Monday, December 31, 2012

Evaluating probabilistic cellular automata is comonadic, too! (part II)

Part I is here. The complete code is here.

We have defined our CA datatype and a local update rule for it. Since our CA is probabilistic, the update rule has a monadic effect in the Rand monad.

To perform a "global update" of the CA, we pass the current CA state and the local update rule to the extend function of Comonad:

extend localRule ca :: EnvT Probs U (Rand StdGen Bool)

The returning type is almost, but not quite, what we need. We now have a CA in which each cell is a monadic random effect. What we would like is to have the whole CA inside the Rand monad, so that a single call to runRand or evalRand gives us a value of EnvT Probs U Bool. We need a way to aggregate the monadic effects of each singular cell into a global monadic effect for the whole CA.

This is similar to the problem of transforming a list of IO actions into an IO action that returns a list. List is an instance of Traversable, so we can use the sequence function on it. Likewise, we must make our type U an instance of Traversable.

The easiest way is to have the instance derived for you automatically. Just use the DeriveTraversable extension and add Traversable to the deriving clause when declaring the U datatype.

But it doesn´t work. More precisely, it works only for one half of the universe! I wanted to print the CA's new state, 8 cells around the center (the showca function is defined in the gist):

    putStrLn . showca 8 
             . lower 
             . flip evalRand (mkStdGen 7) 
             . sequence 
             $ extend localRule ca

This printed only the left side of the universe. When it tried to print the first cell to the right, the whole computation just hanged. Why?
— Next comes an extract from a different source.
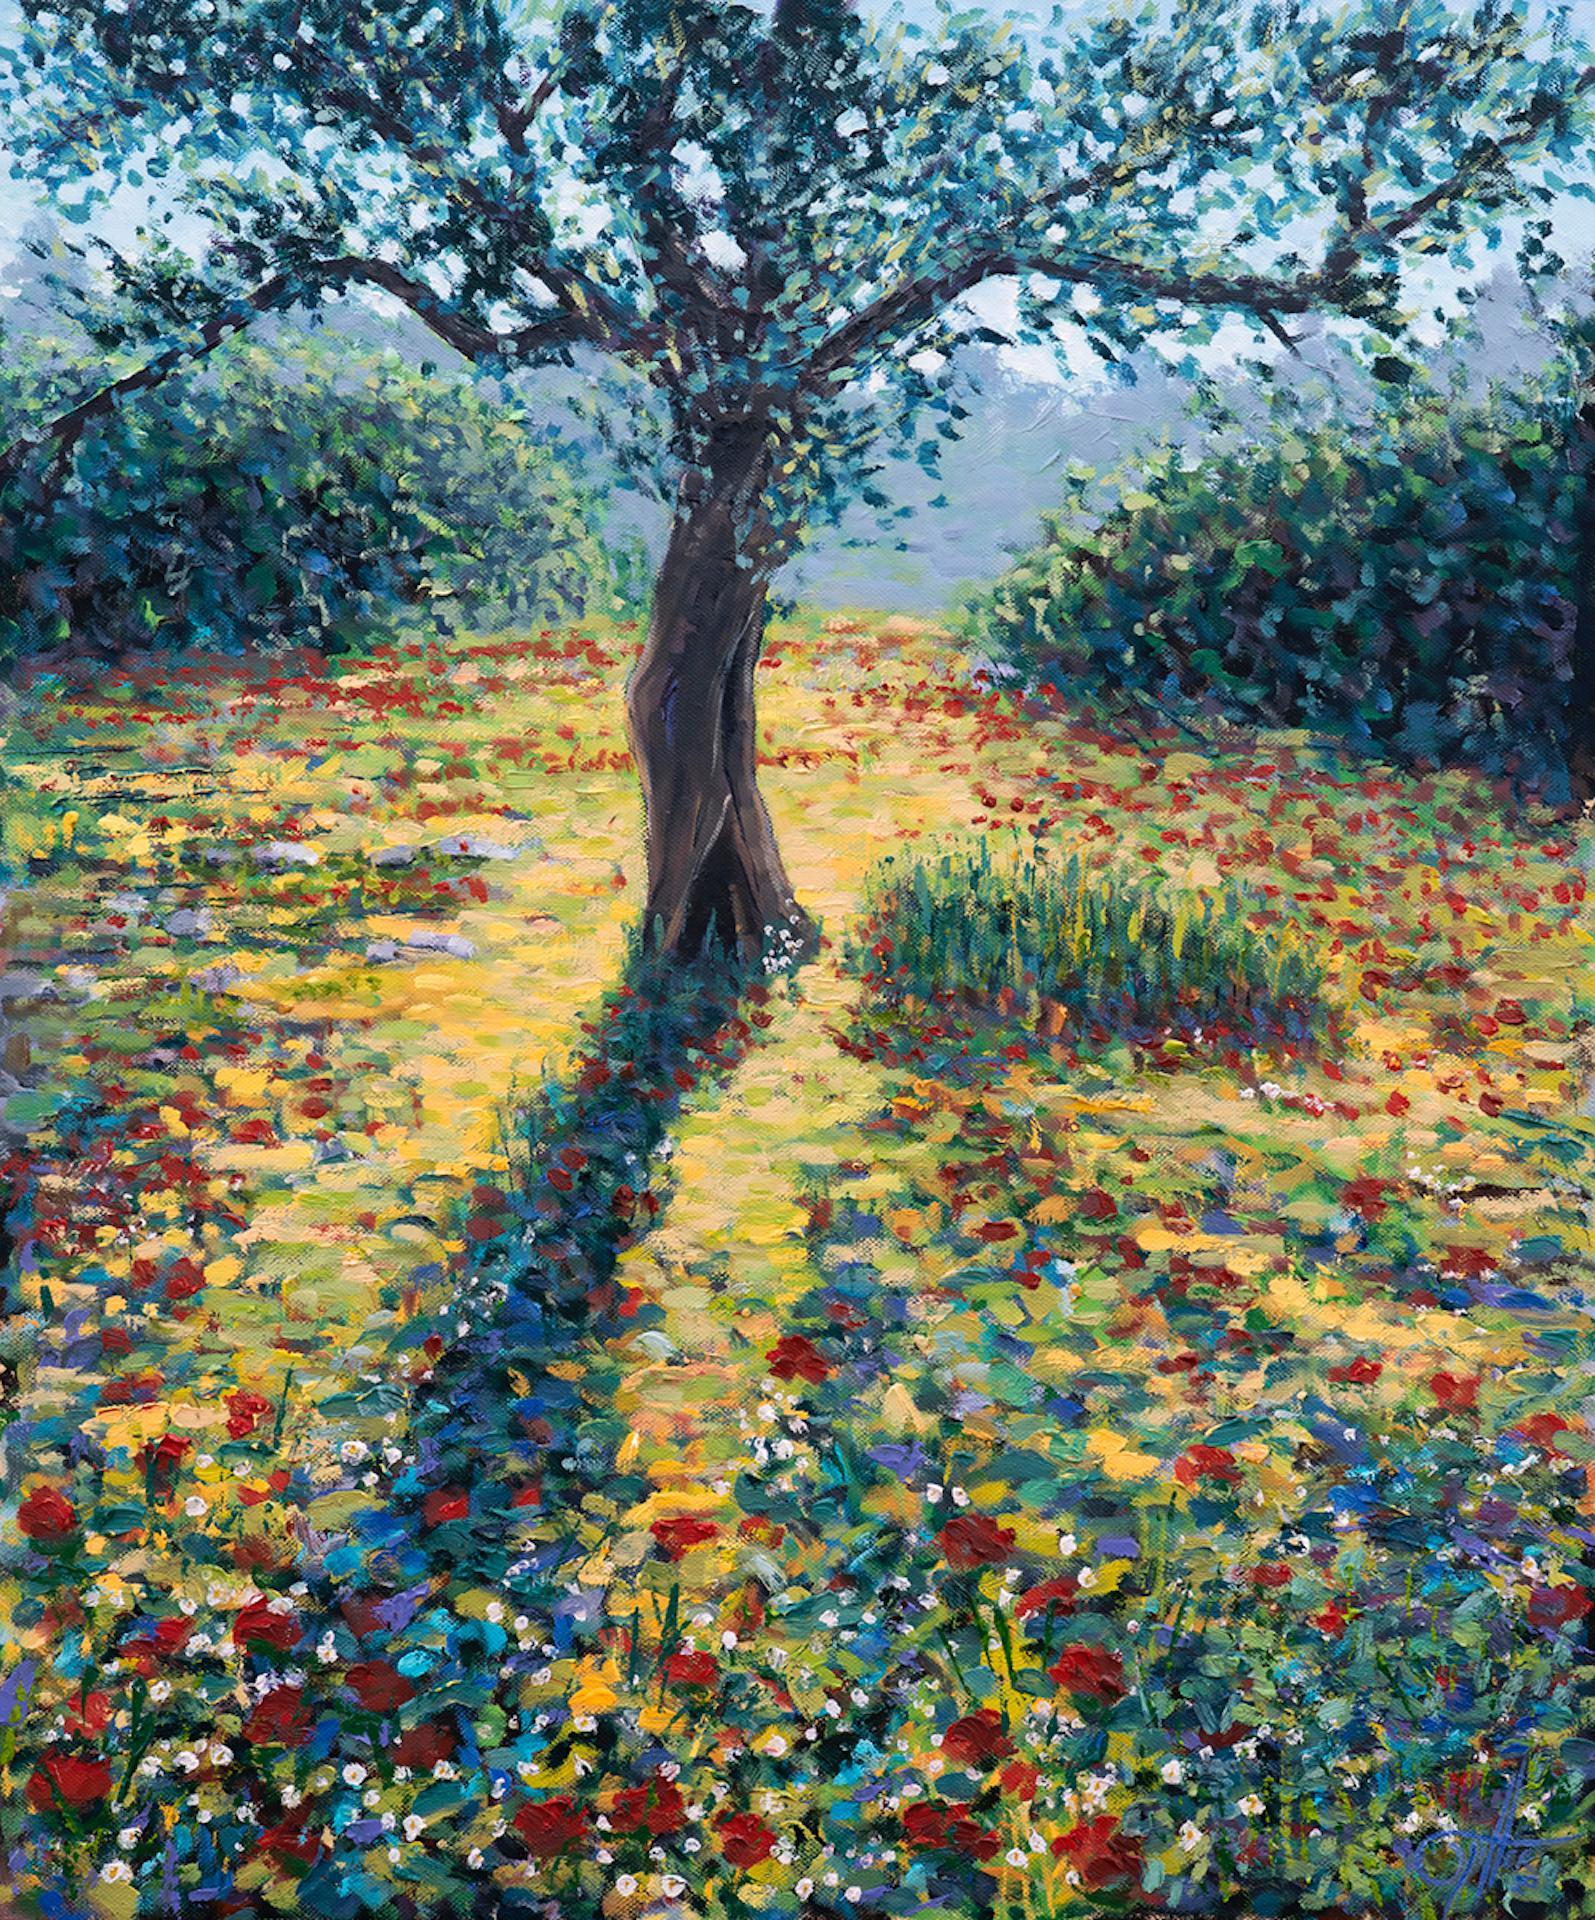 Lee Tiller, Meet Me on the Other Side, Original Impressionist Landscape Painting

sequence is defined in terms of traverse. The default definition provided by the compiler first traverses the left side of the universe, then the center cell and the right side last. The StdGen generator is threaded throughout. But each side is infinite; when traversing the left side, we can get the updated generator to use on the right side only after an infinite number of steps. Laziness doesn't help here, because there is a data dependency.

This stumped me for a while, but finally I came up with an alternate version of traverse which doesn't suffer this problem:

    instance Traversable U where
        traverse f (U lstream focus rstream) = 
            let pairs =  liftA unzip 
                       . sequenceA . fmap (traversepair f) 
                       $ zip lstream rstream 
                traversepair f (a,b) = (,) <$> f a <*> f b
                rebuild c (u,v) = U u c v
            in rebuild <$> f focus <*> pairs

The trick is to zip the two streams together before traversing them, and unzip them afterwards inside the monad. This way, accessing the value in the first cell to the right doesn't require an infinite number of steps.

That solved, there is still one problem left. When we use evalRand to obtain the new state of the CA, we don't get an updated generator alongside it. And we can't use runRand to get it because the CA is potentially infinite. As we lazily consume the returned CA state, the generator we supplied is still used "under the hood" for generating new values. If we feed the updated generator returned by runRand to the following iteration, the whole computation would hang, again.

Fortunately, the MonadRandom class provides a getSplit operation which "bifurcates" a generator. At each iteration, we split the generator, throwing one half into the black hole of evalRand, and keeping the other half for the next iteration. We now know enough to define a function that, given a generator and an initial state of the CA, produces a lazy stream of all the succesive states of the automaton:

evolve :: EnvT Probs U Bool -> Rand StdGen (EnvT Probs U Bool)
evolve ca = sequence $ extend localRule ca

history :: StdGen -> EnvT Probs U Bool -> Stream (EnvT Probs U Bool)
history seed initialca =     
   let unfoldf (ca,seed) = 
           let (seed',seed'') = runRand getSplit seed 
               nextca = evalRand (evolve ca) seed'
           in  (nextca,(nextca,seed''))
   in unfold unfoldf (initialca,seed)

That's all folks! Happy New Year.

Edit: I wasn't sure of the correctness of my Traversable instance, so I posted a question on Stack Overflow.